How to Design a Cost Effective Stamping
Metal stamping is the process of shaping parts by using a tool set that punches or stamps holes and shapes into a metal sheet. This process can be a very fast, efficient and cost effective process to form many types of parts from a wide variety of metals. Intricate part designs, strength, durability, wear resistance, and repeatability are common benefits of stamping. When selecting a stamping process, over-specifying a steel grade and blank thickness are major factors to drive up the cost of metal stamping. There are many material choices that will respond well to the metal stamping and forming processes. However, the price and availability can vary in a wide range, so it has significant impact on the cost and delivery of production.
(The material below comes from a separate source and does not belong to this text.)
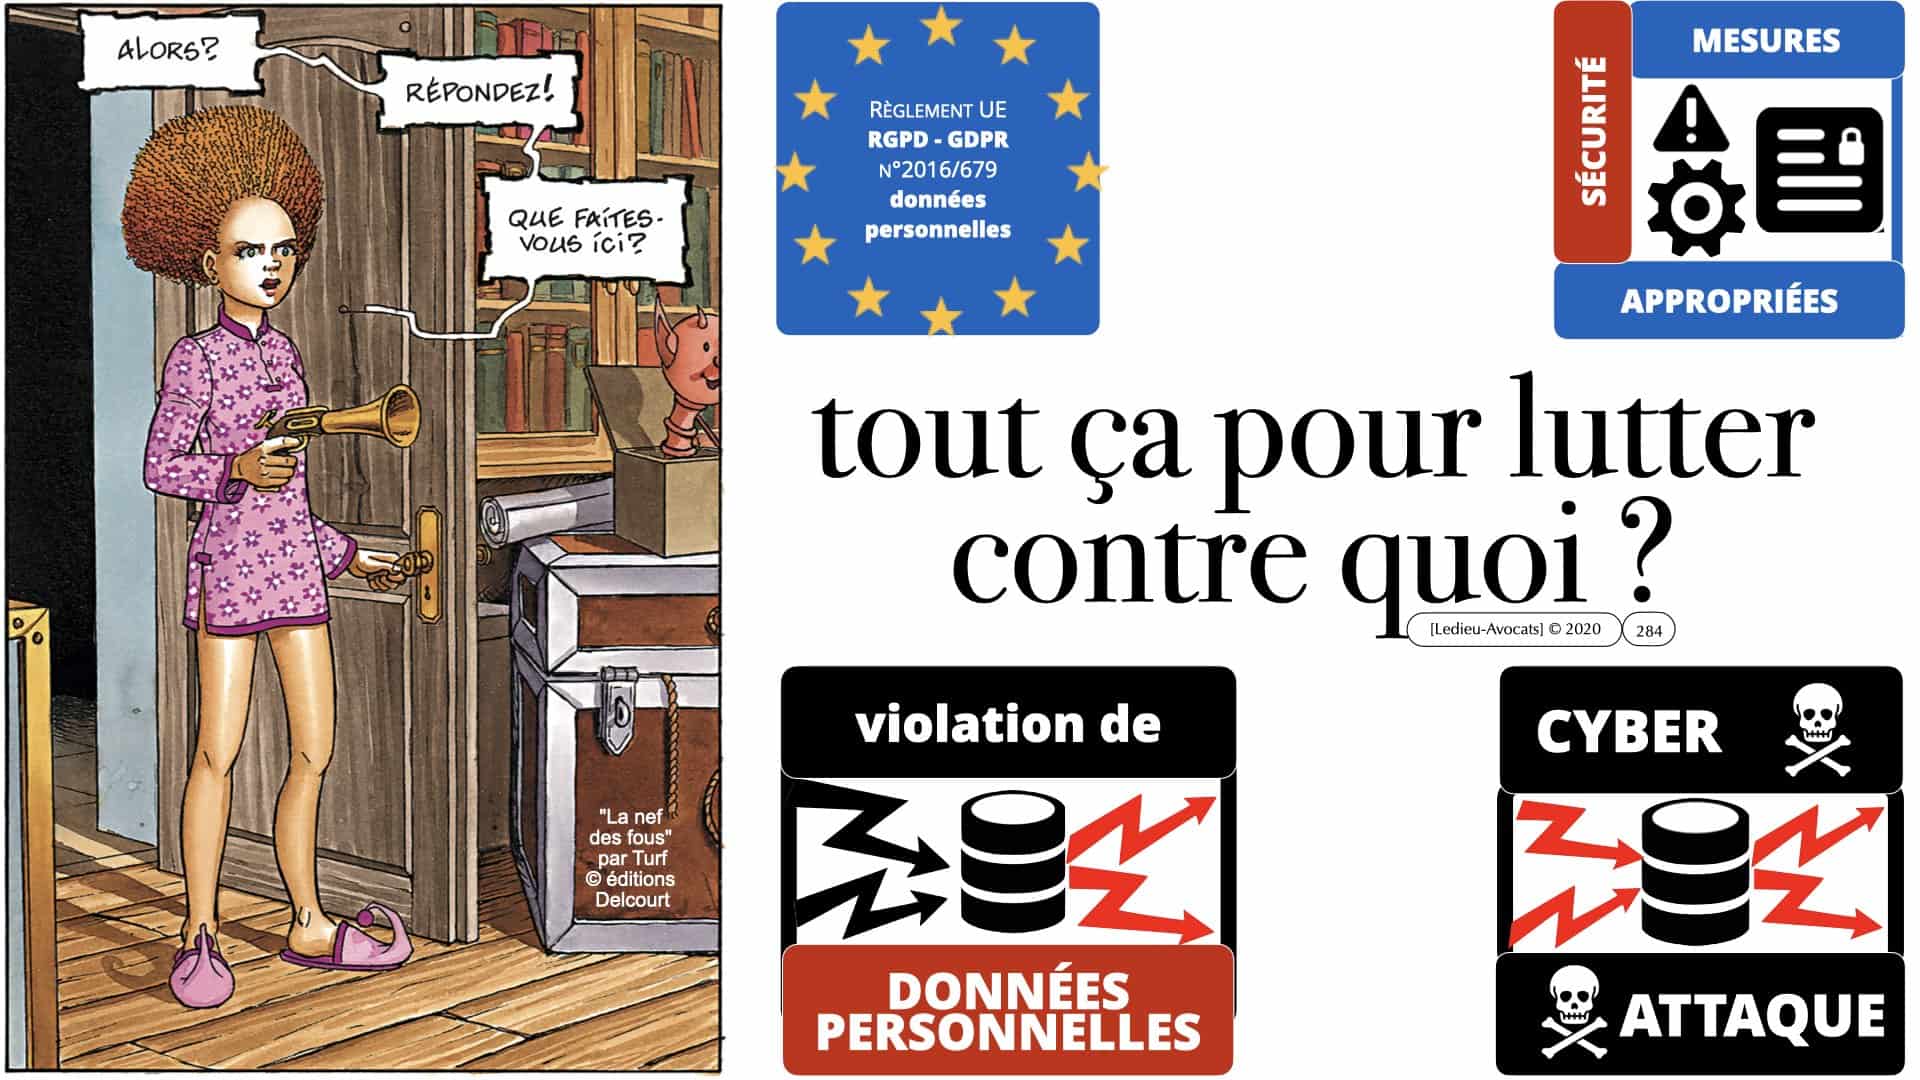 RGPD e-Privacy données personnelles jurisprudence formation Lamy Les Echos 10-02-2021 ©Ledieu-Avocats.284

One cost saving operation of metal stamping is called progressive stamping which applies at least three stamping operations with one machine. An example of this is one that involves punching, coining, and bending. This is done in alternating patterns, producing one part after another in seconds, thus increasing efficiency and saving time, which in turn saves money.
Piercing, one of the most widely used metal stamping operations, produces usable shapes from a metal strip or sheet, discarding the punched-out portions and instead using whatever is left of the metal web. An example is shown below in its simplest form of a piercing operation, including perforating and notching.
Piercing of all holes is best done together to ensure good hole-to-hole tolerance and part repeatability. However if the material distorts, the method described below can be done. When there are large numbers of holes, in a tight pitch, there could be distortions, due to the high amount of tension on the upper surface and stretching and compression on the bottom surface. This causes the material not to lay flat. This can be avoided/lessened by staggering the piercing of the holes. Holes are punched in a staggered pattern; then the other holes are punched in the alternate staggered pattern.
- Minimum hole diameter should be at least 20 % greater than stock thickness. When using stainless steels, it should be 2 times the material thickness.
- Minimum wall thickness (distance from hole to edge or hole to hole) should be at least 2 times stock thickness.
- For non-round slots, the minimum wall thickness should be 2 times thickness for short slots < 10 thicknesses long; and 4 times thickness for long slots > 10 thicknesses long.
- Minimum hole (and short slot) to bend distance should be 2.5 × the stock thickness + bend radius.
- For long slots, the distance should be 4 × the stock thickness + bend radius.
- “Spring back” is different for different materials (i.e. stainless steel generally has to be bent further than carbon steel as it has higher “spring back” properties.